I want to use logstash to pull current elasticsearch documents, run them through filters, and then update them in the same cluster. I am trying to figure out how to get the best performance, and I'm first looking at the elasticsearch plugin. I know that pipeline workers only apply to the filter and output plugins.
I have 3 ES nodes all on the same subnet. I created a new Ubuntu 14.04 VM in the same subnet and installed LS 5.0-alpha5 from the debian package. The VM has 8GB of RAM and 4 cores.

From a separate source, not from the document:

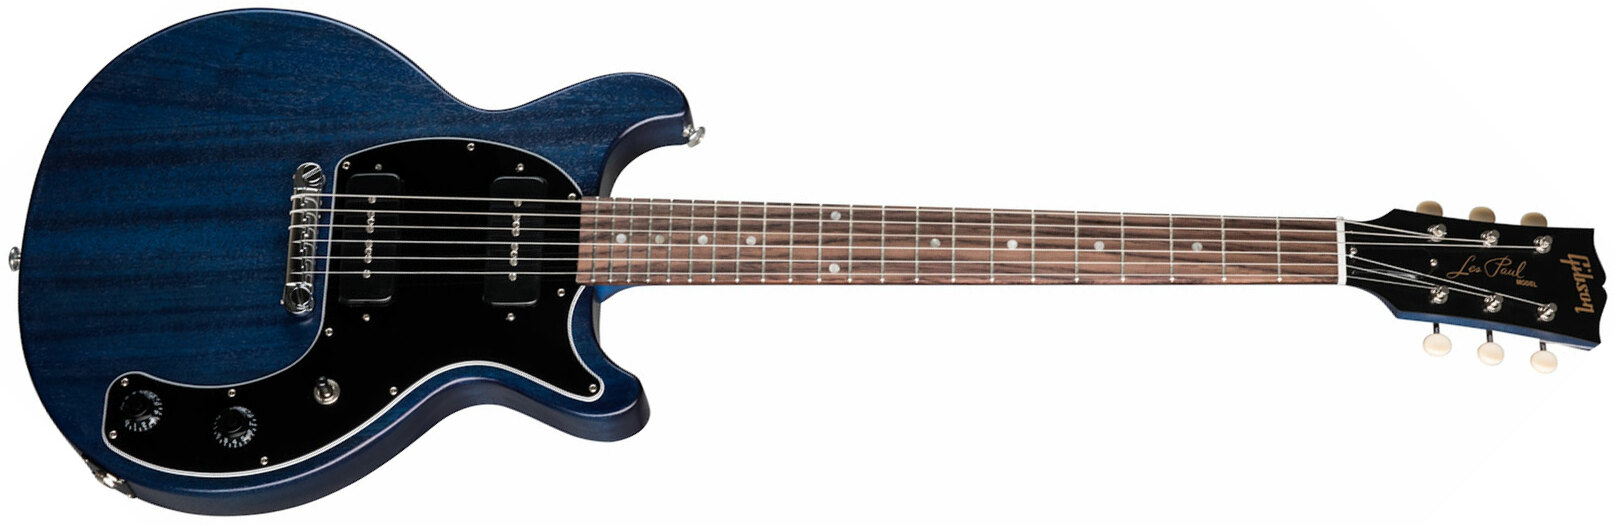 Gibson Les Paul Special Tribute Dc Modern P90 - Blue Stain - Guitarra eléctrica de doble corte - Main picture

Taking a tip from a recent elastic blog post, I decided to setup a logstash config file like the following:
input {
elasticsearch {
hosts => ["hostA","hostB","hostC"]
index => "specific-index"
docinfo => true
query => '
{
"query": {
"match": {
"_type": {
"query": "MyType"
}
}
}
}
'
}
}
output {
stdout { codec => dots }
}
Then I run the following command:
sudo ./logstash -f /etc/logstash/conf.d/logstash.conf --path.settings=/etc/logstash | pv -Wart > /dev/null
When I run this I get around 3 - 4 kB/s tops.
I'm wondering what I can do to improve the throughput of this logstash script / elasticsearch input plugin. Are there any settings that could improve this? Anything on the elasticsearch nodes that need to change?